= DATA SEGMENT =

☆ ☆ ☆ ☆ ☆

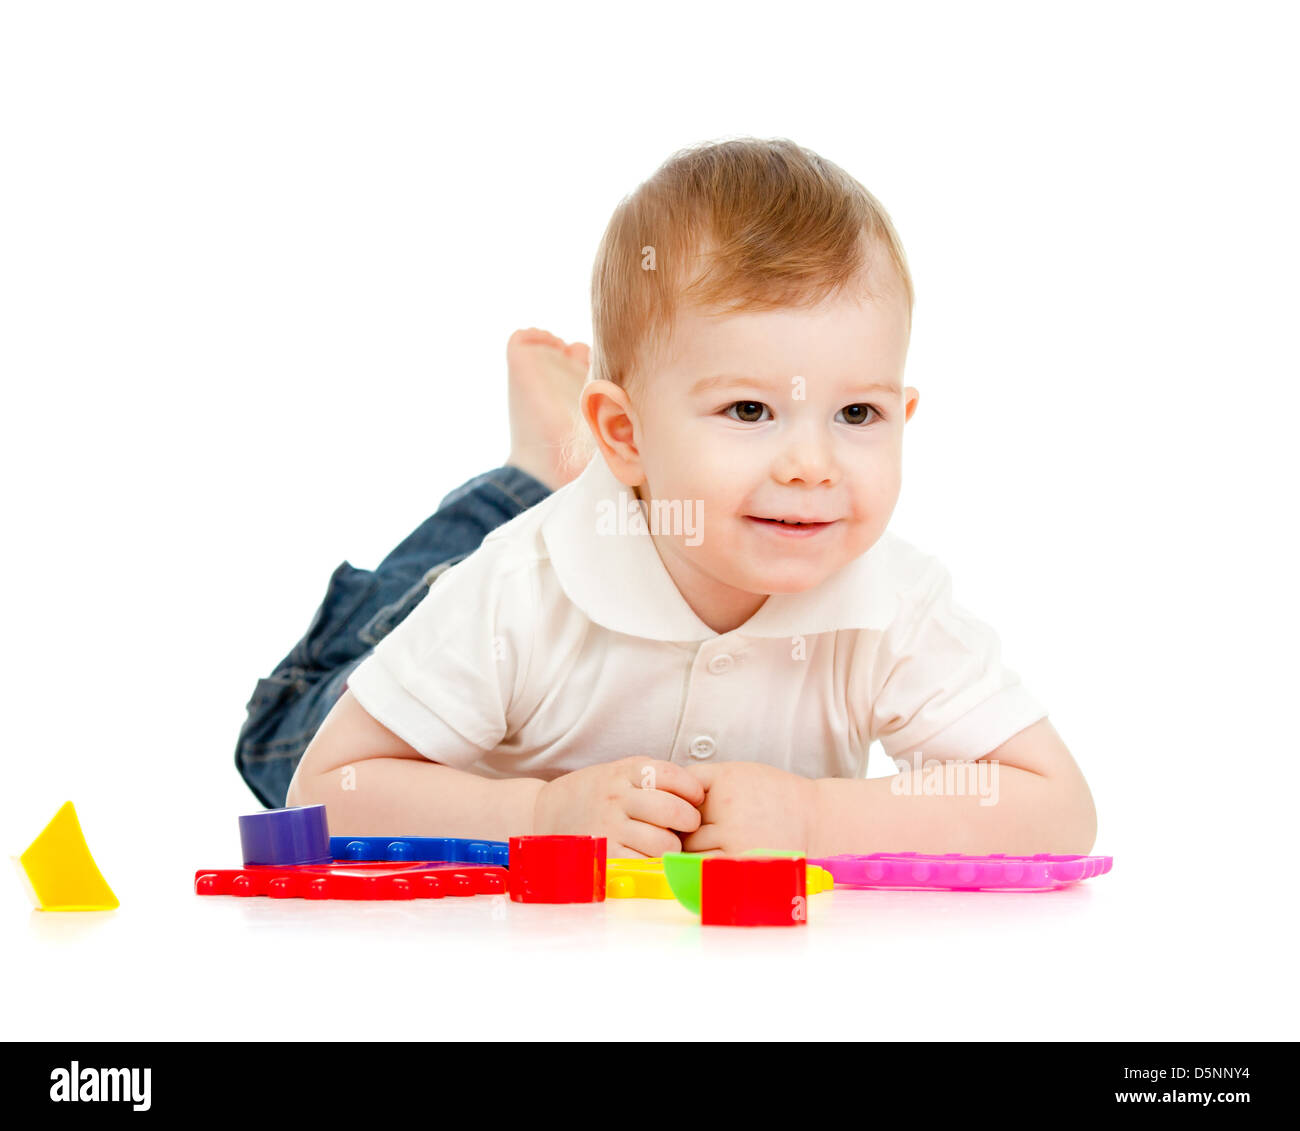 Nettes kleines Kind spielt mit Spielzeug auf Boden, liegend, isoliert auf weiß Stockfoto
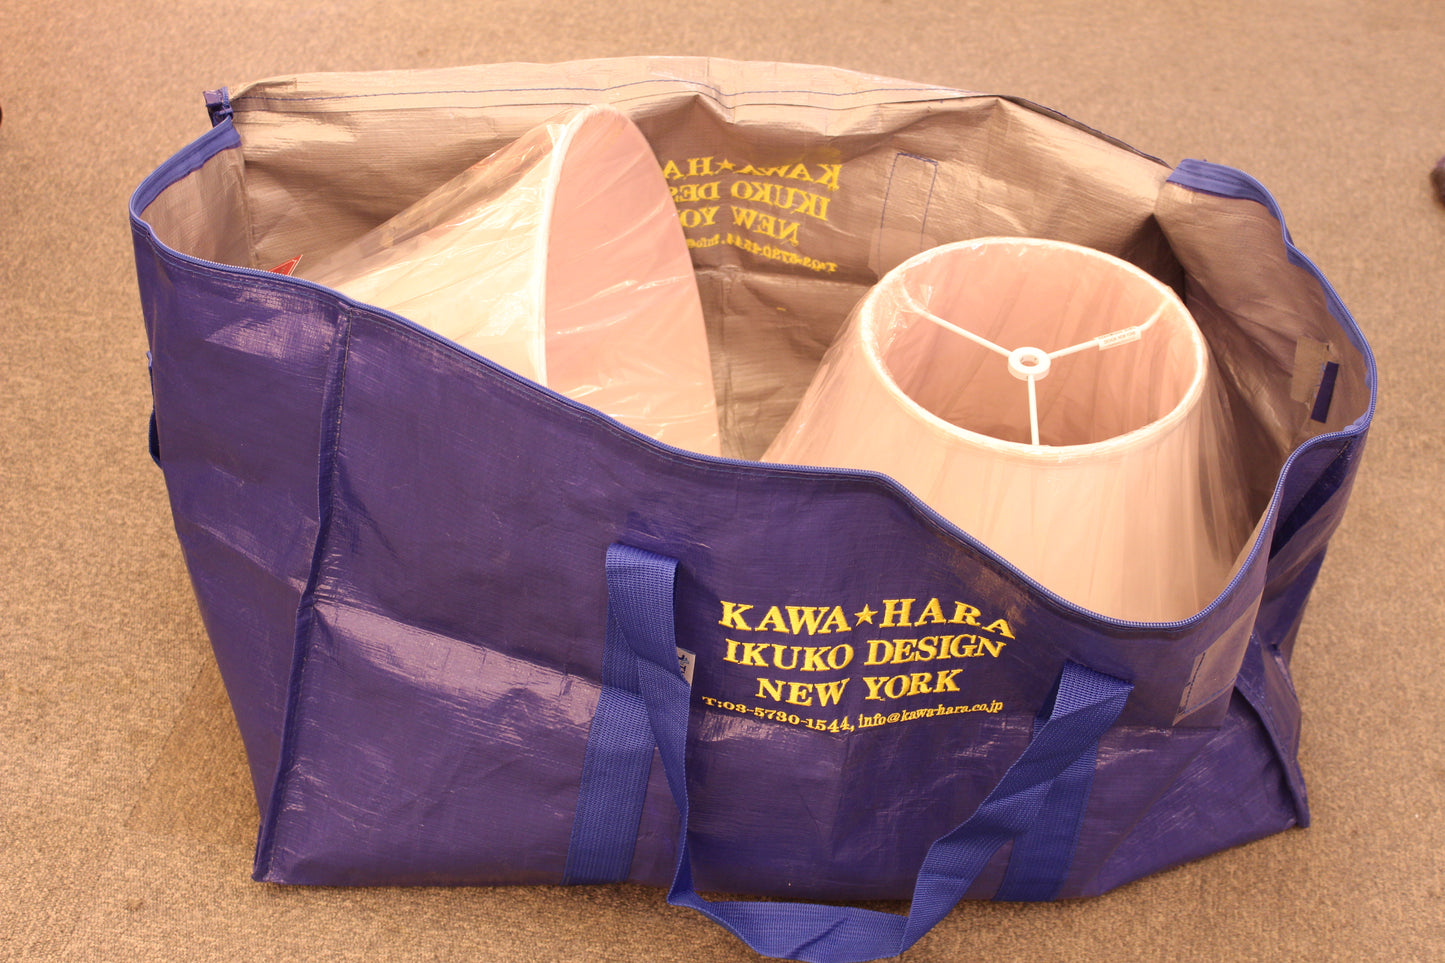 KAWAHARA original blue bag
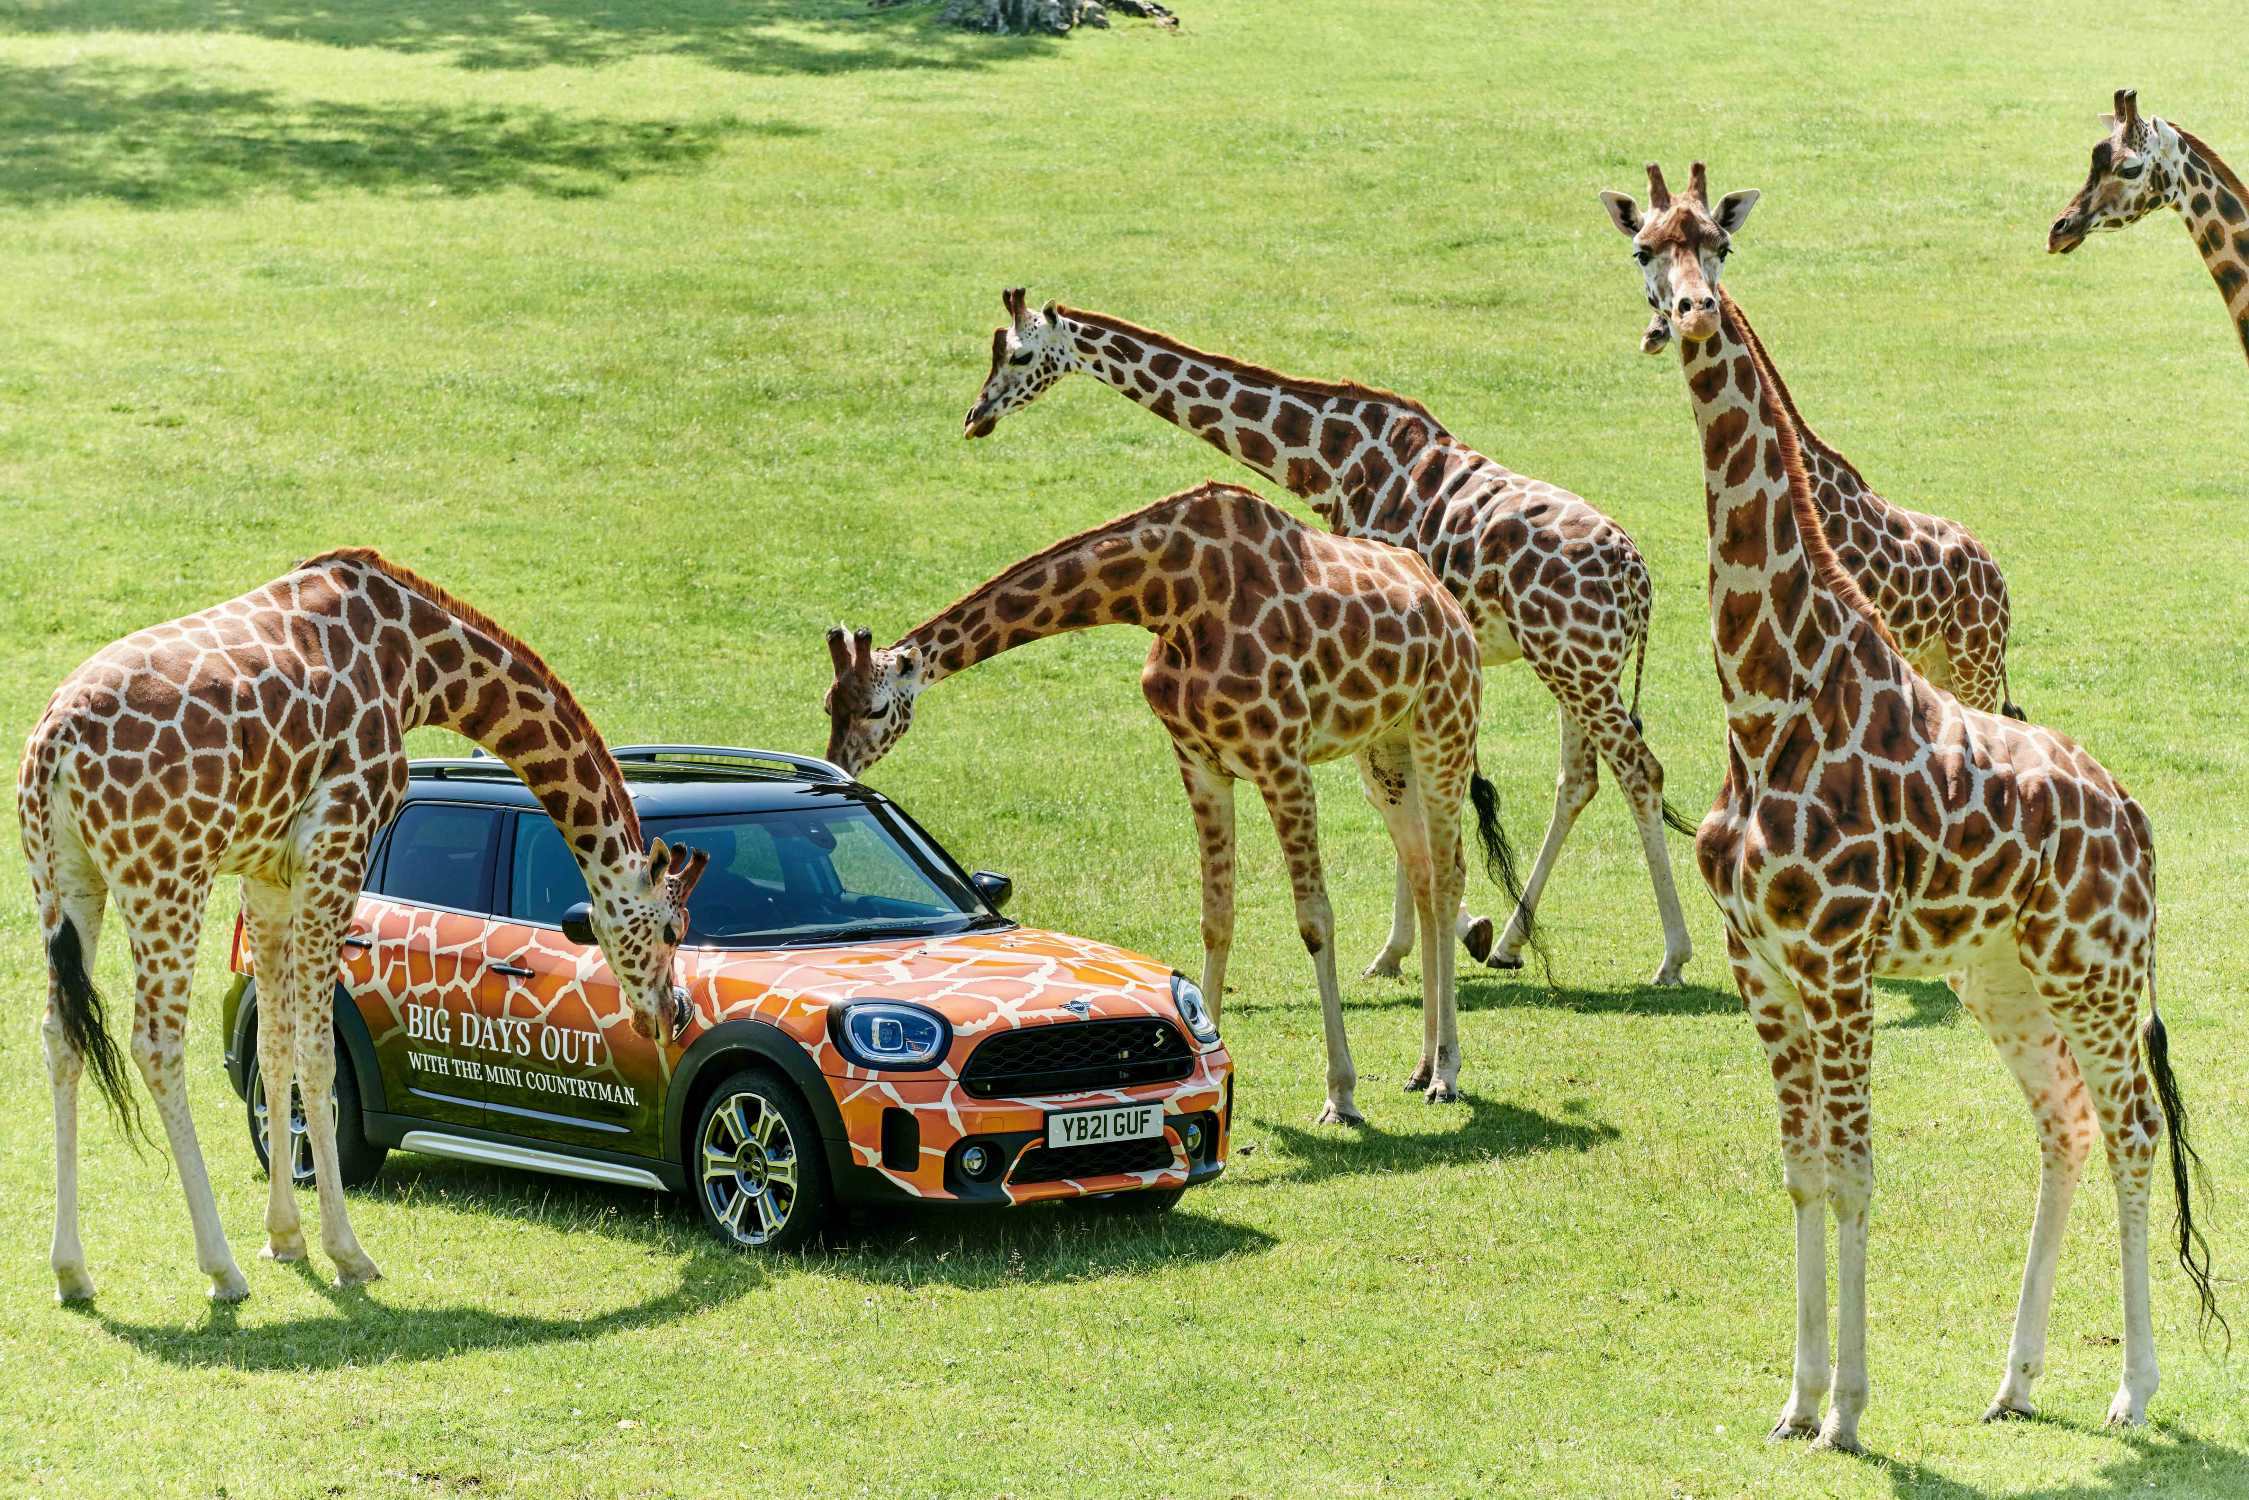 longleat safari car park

☆ ☆ ☆ ☆ ☆

= WORK INSTRUCTIONS =
Output the listing word for word. Drop the pictures.

= ANSWER TO THIS TASK =
 Nettes kleines Kind spielt mit Spielzeug auf Boden, liegend, isoliert auf weiß Stockfoto
 KAWAHARA original blue bag
 longleat safari car park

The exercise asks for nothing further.